§ Exercise goal
The data below contains pictures, which are to be skipped; the lines starting at the line with "Ceccano Deluxe Necklace in Gold" and ending at the line with "Australia Stock Photo" are to be output exactly, both ends included.

§ The data
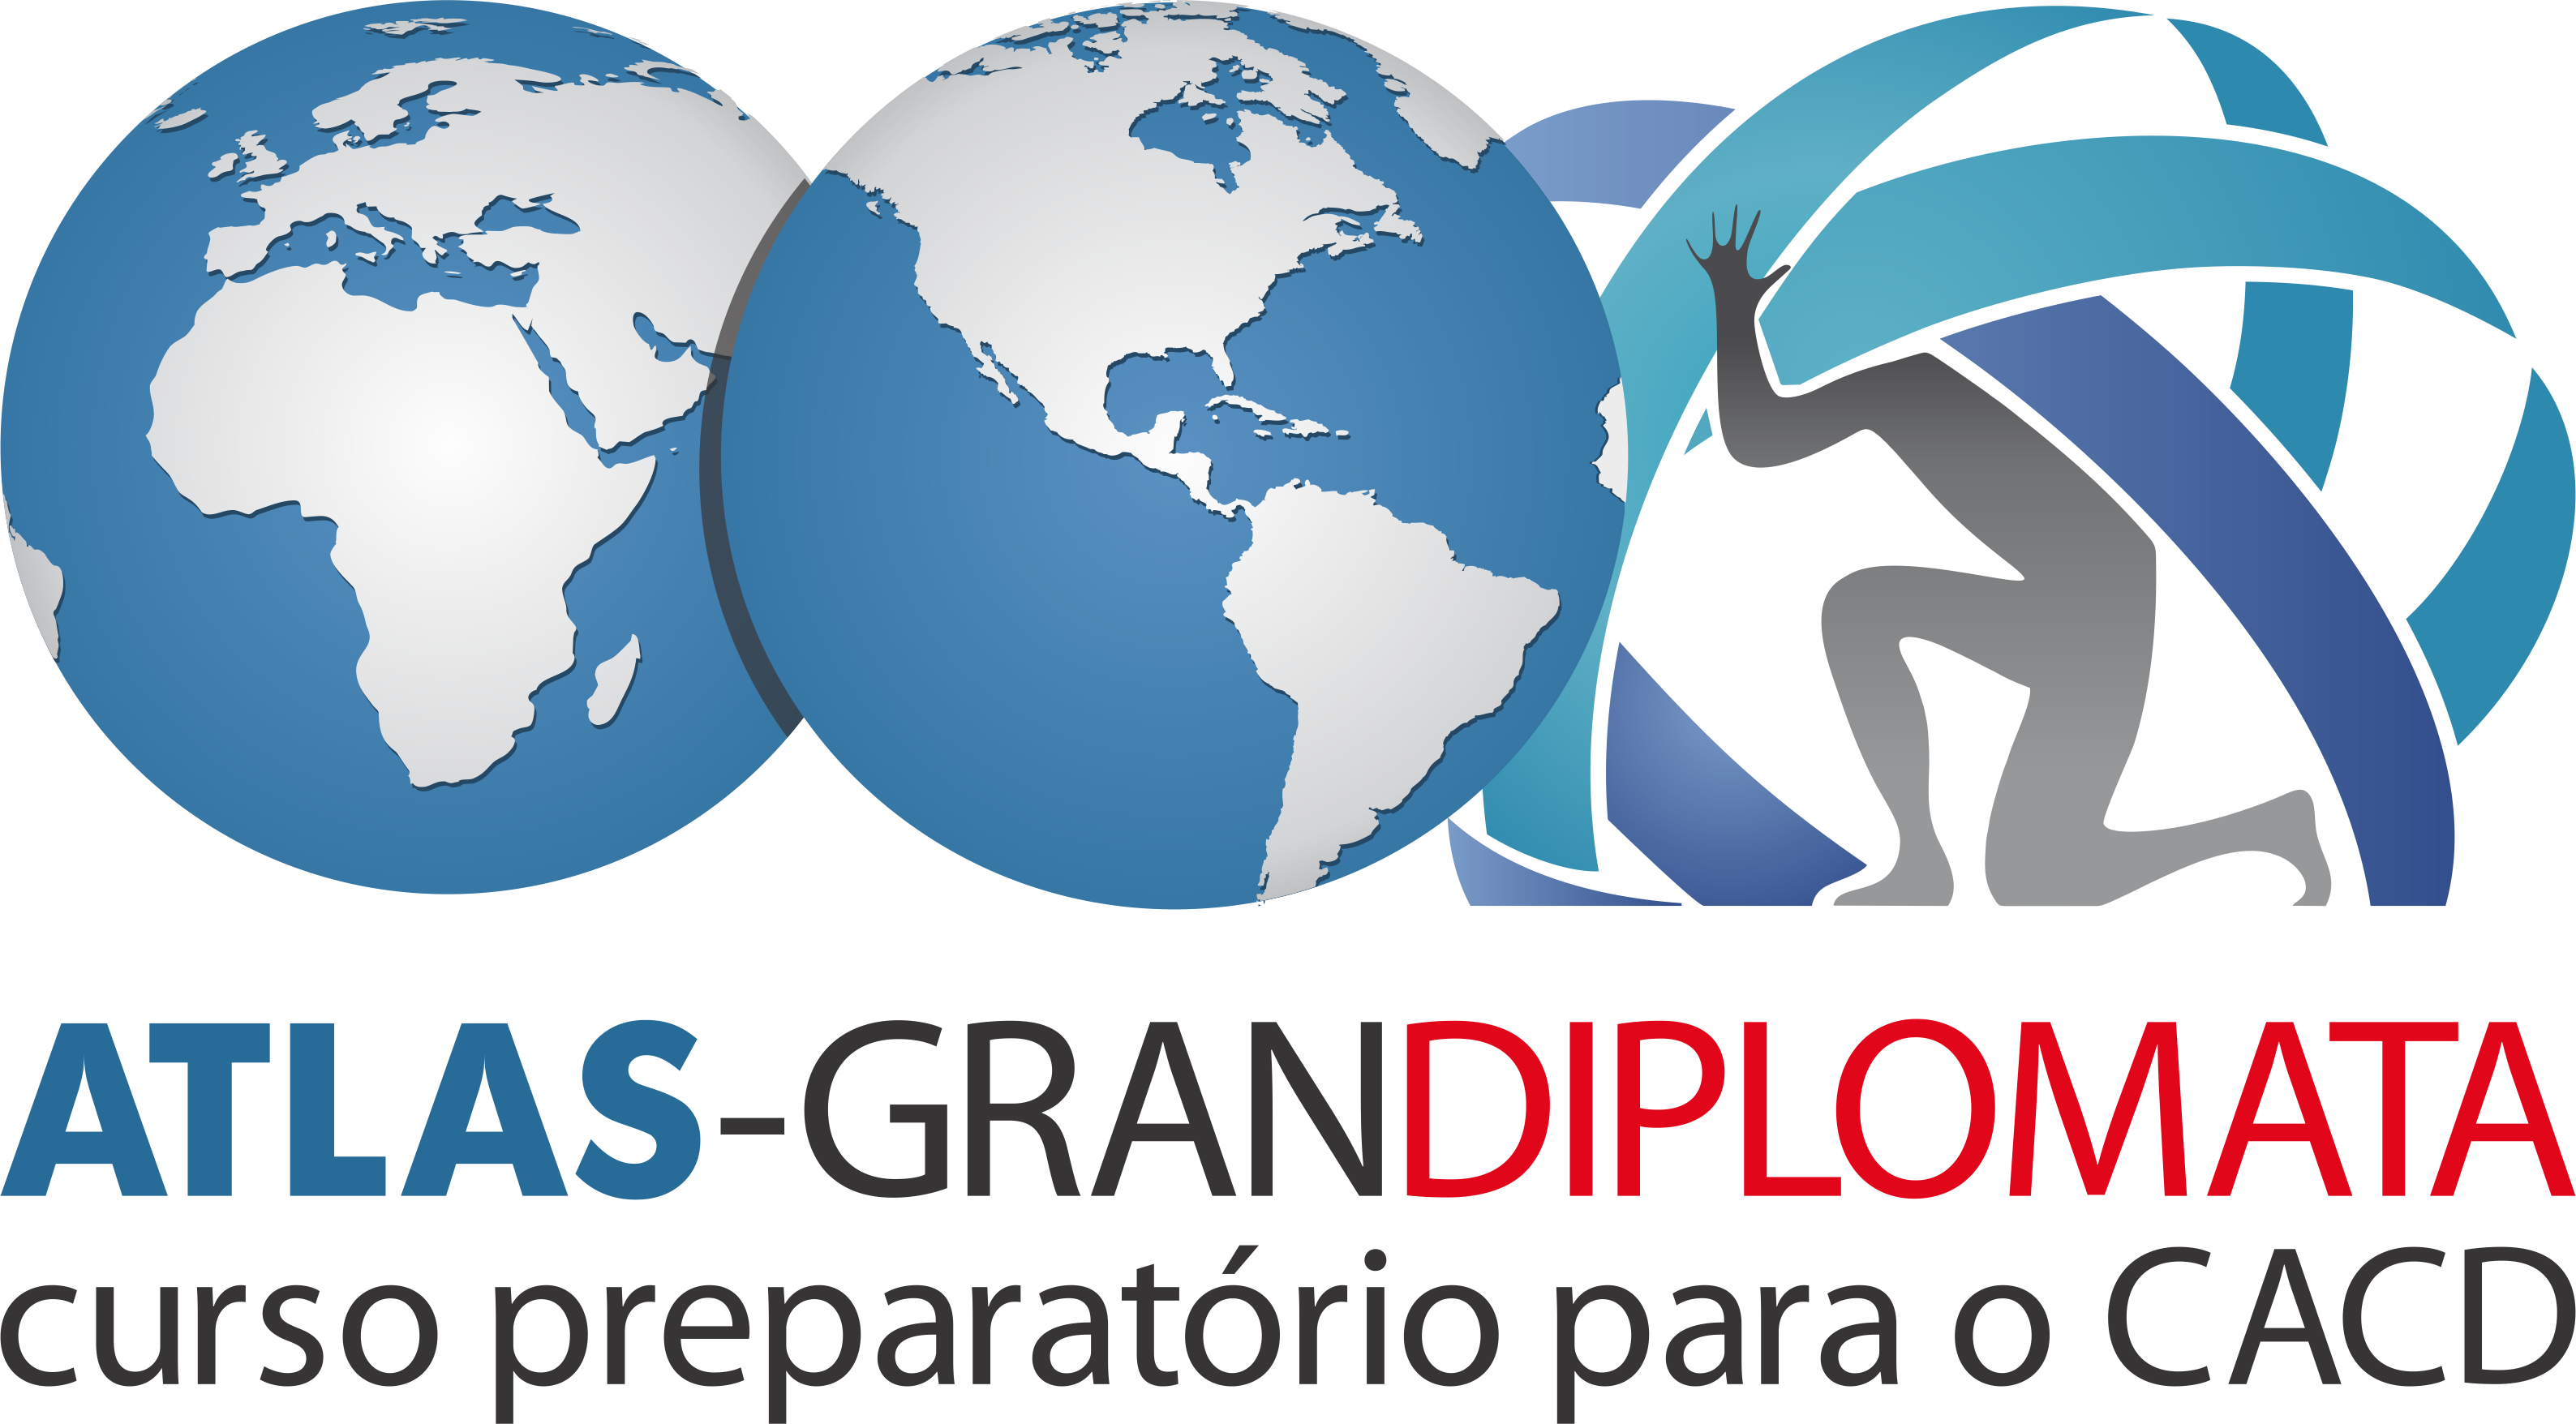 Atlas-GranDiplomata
...
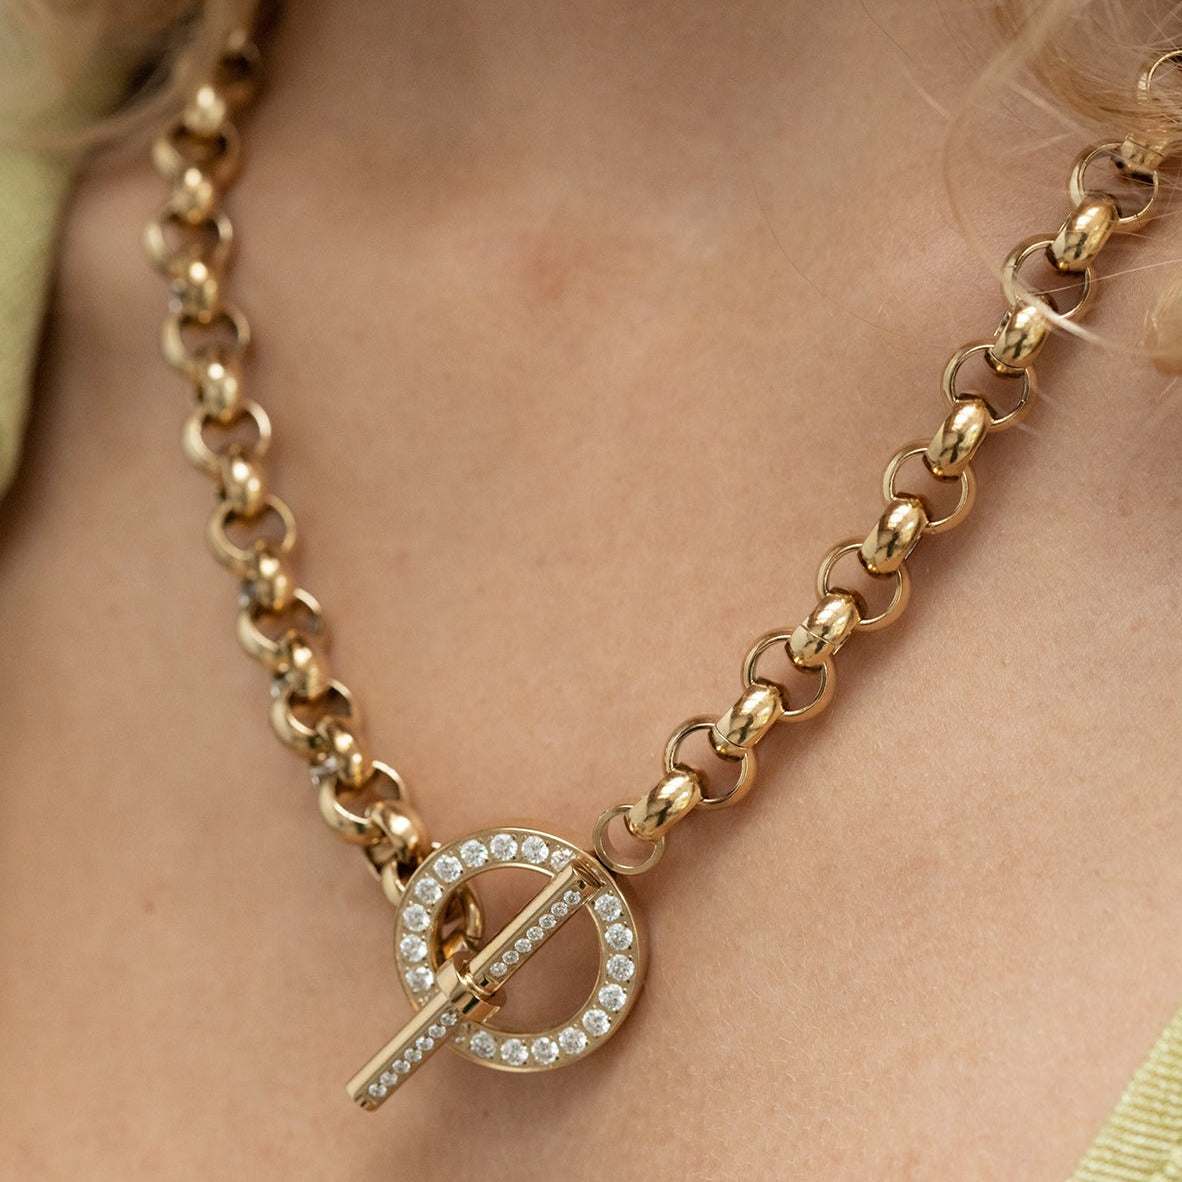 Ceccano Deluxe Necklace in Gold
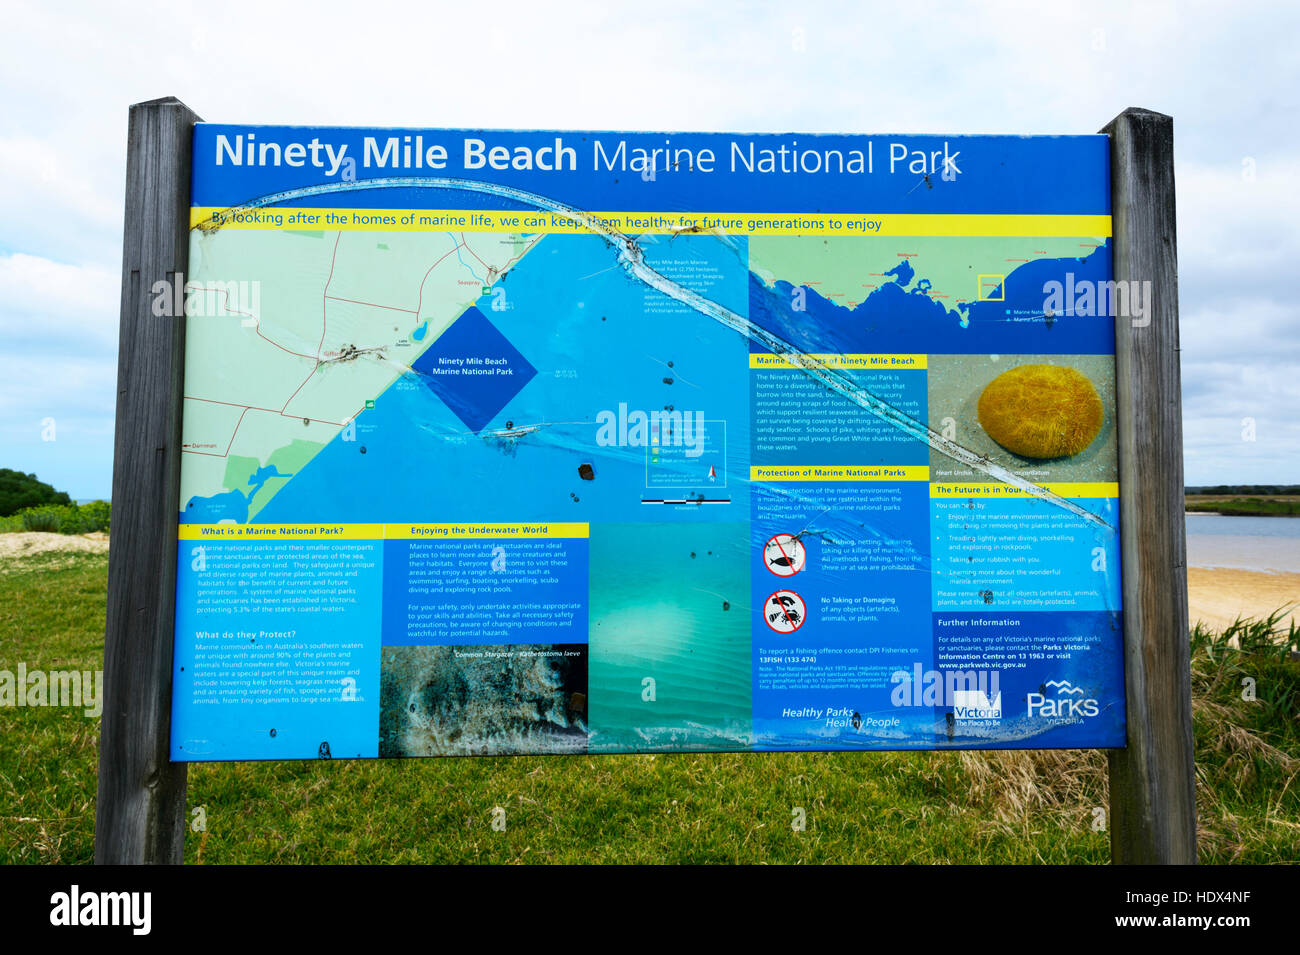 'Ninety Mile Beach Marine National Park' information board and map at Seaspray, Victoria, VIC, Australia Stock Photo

§ Response box
 Ceccano Deluxe Necklace in Gold
 'Ninety Mile Beach Marine National Park' information board and map at Seaspray, Victoria, VIC, Australia Stock Photo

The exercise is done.